Modern Recognition, Ancient Lessons
Today, Tapputi has emerged as a powerful symbol in STEM education and feminist history. In 2023, scientists successfully recreated her 3,200-year-old perfume formulas, proving the viability of her techniques. University chemistry professors now use her work to demonstrate the continuity between ancient practice and modern laboratory methods.
But her story raises uncomfortable questions about contemporary science. If we nearly lost the world’s first recorded chemist to historical bias, what contributions are we overlooking today? How many women’s achievements in STEM remain uncredited, unpublished, or simply ignored?
The scholars Marelene and Geoffrey Rayner-Canham captured this perfectly: “Though rarely noted, women have been active participants in the chemical sciences since the beginning of recorded history”. The problem isn’t women’s absence from science—it’s our failure to recognise their presence.
The Tapputi Principle
Tapputi-Belatekallim’s legacy extends beyond her technical innovations. She represents what we might call the “Tapputi Principle”—the recognition that scientific progress has always depended on diverse voices, including those historically marginalised or erased.
Her sophisticated understanding of chemical processes, developed over 3,000 years ago, reminds us that innovation isn’t the province of any single gender, culture, or historical period. The techniques she pioneered—distillation, extraction, purification—remain fundamental to modern chemistry and pharmaceutical manufacturing.

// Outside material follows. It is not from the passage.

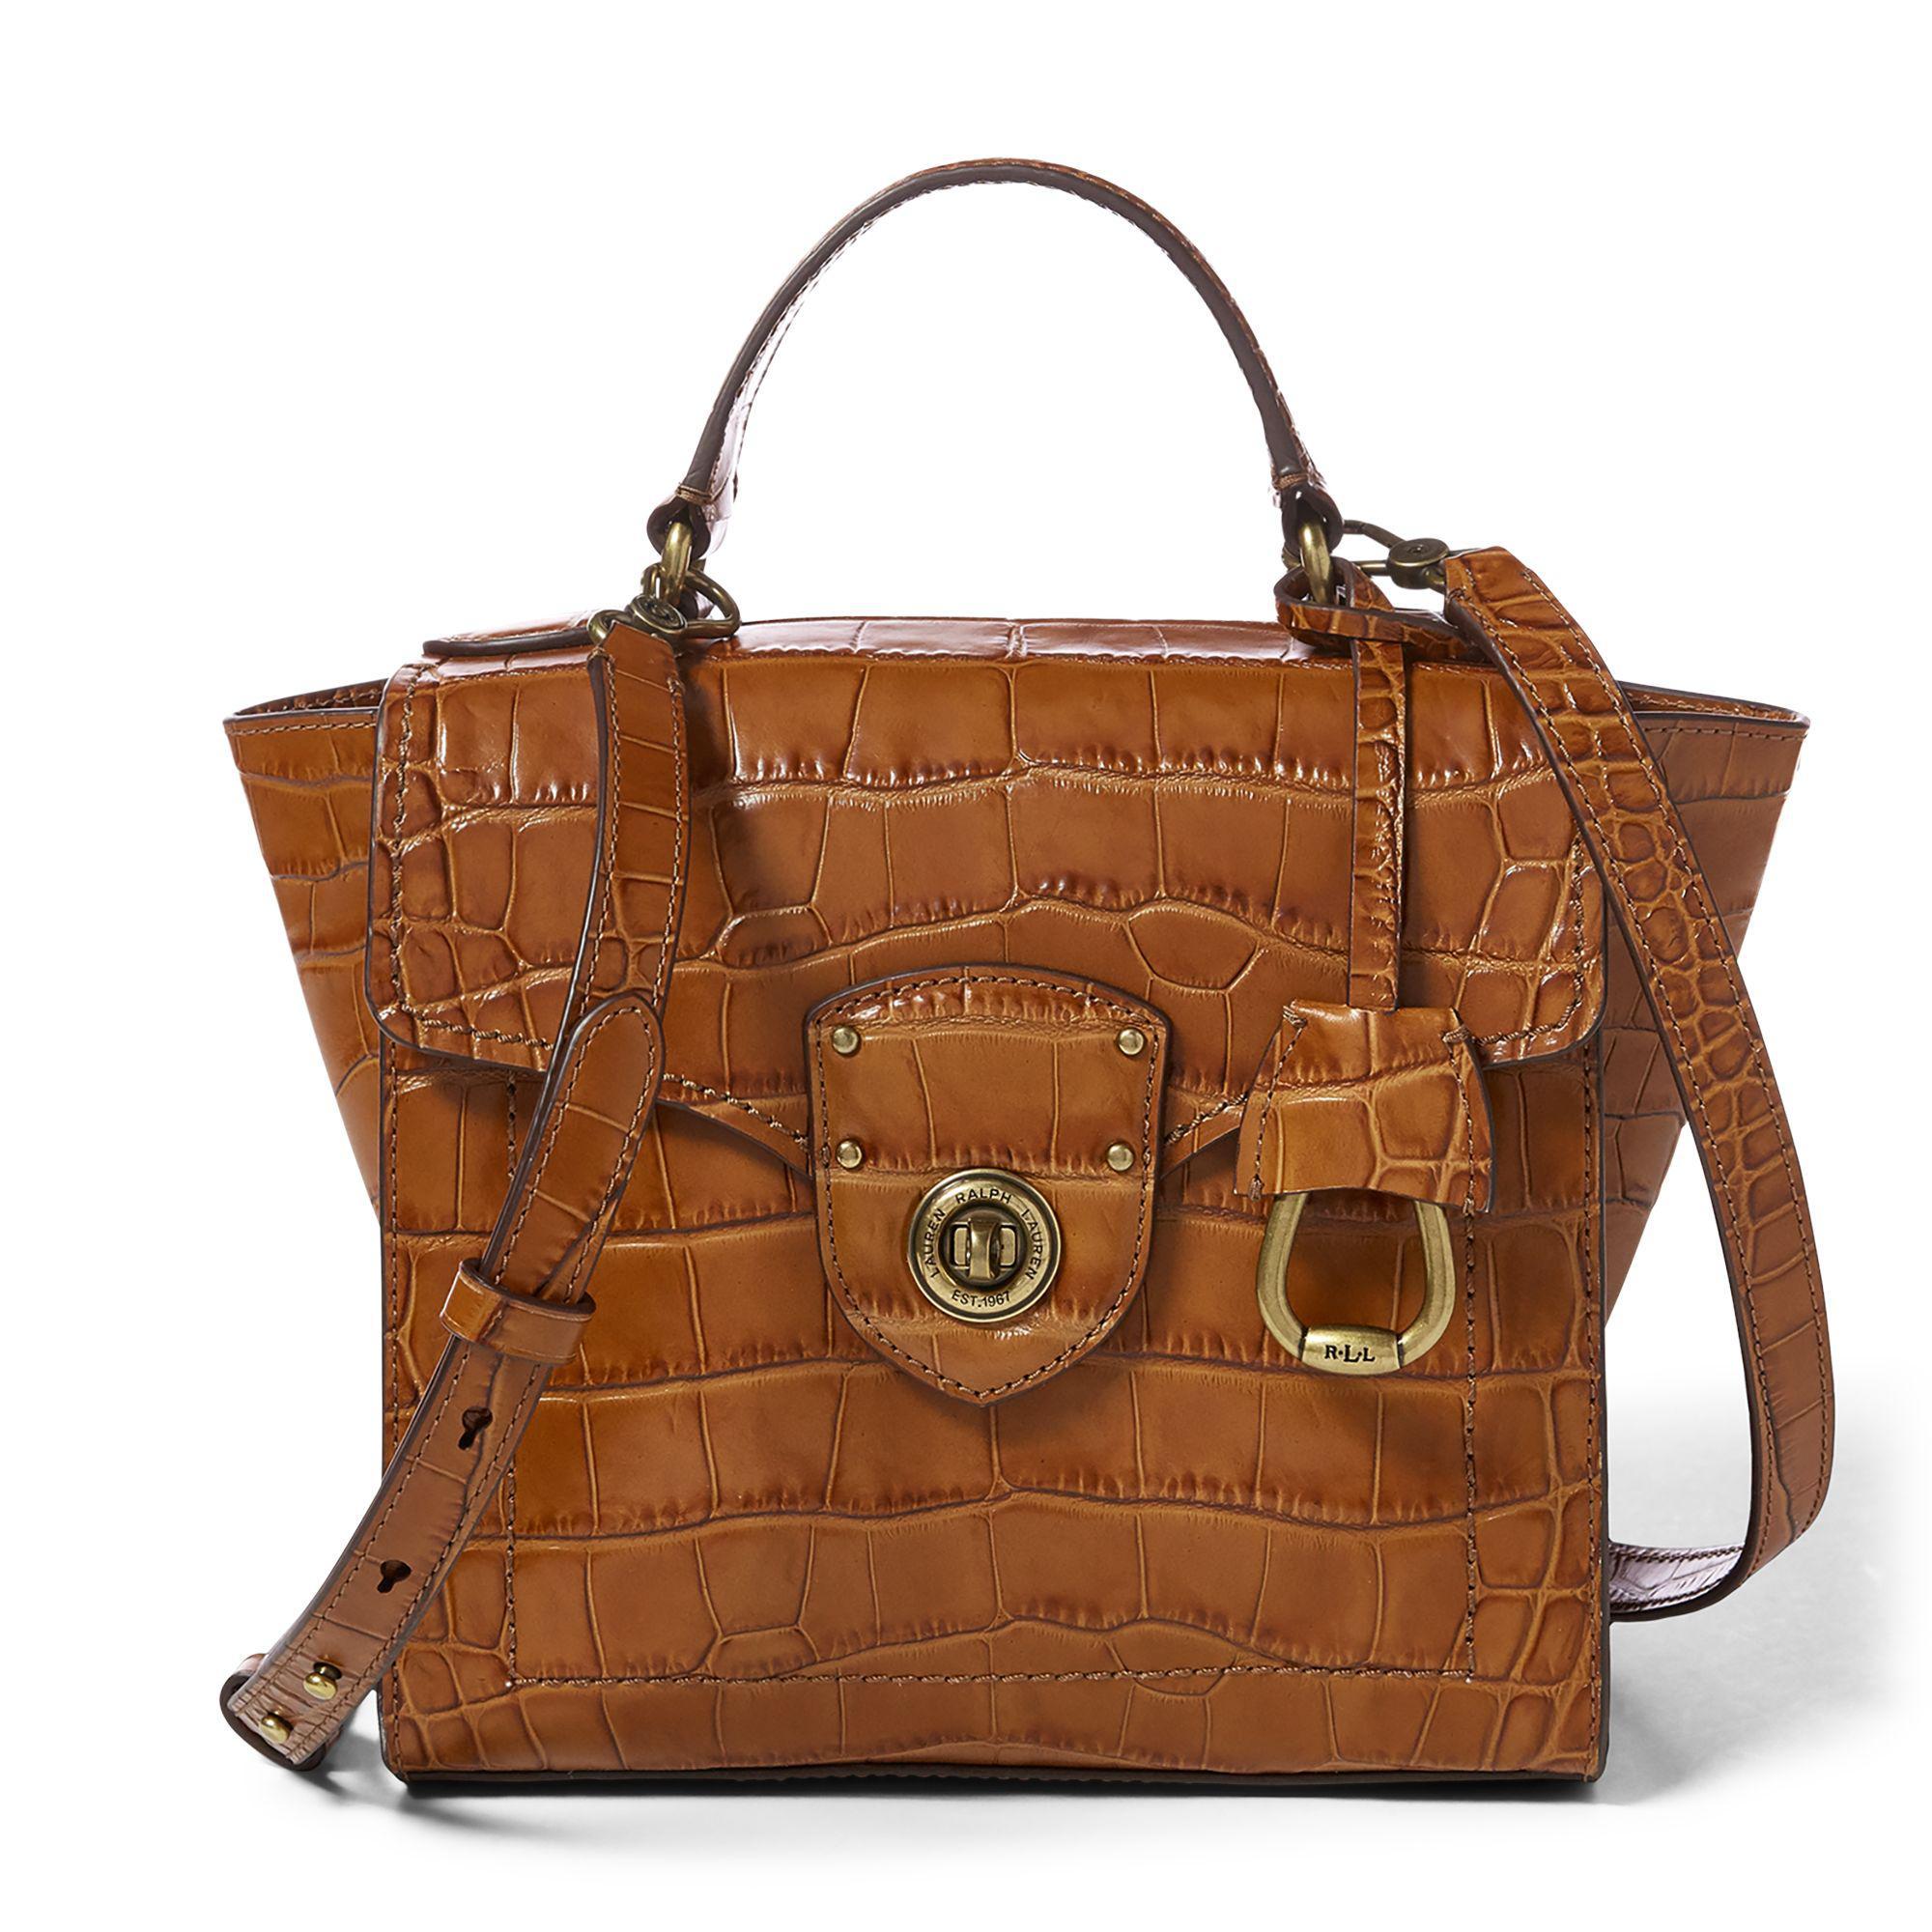 e50bb2159a1d Ralph Lauren Leather Satchel in Brown - Lyst

Yet perhaps Tapputi’s most important contribution isn’t scientific but social: proof that women’s exclusion from science wasn’t universal throughout history, and that brilliant minds have always found ways to contribute, regardless of the barriers placed before them.
As we continue to discover and celebrate forgotten women in STEM, Tapputi’s story serves as both inspiration and warning. It reminds us that for every Marie Curie we remember, there may be dozens of Tapputis we’ve forgotten—and that the responsibility for ensuring women’s contributions are recognised and preserved rests with all of us.
The question isn’t whether women have always participated in science. They have. The question is whether we’re paying attention.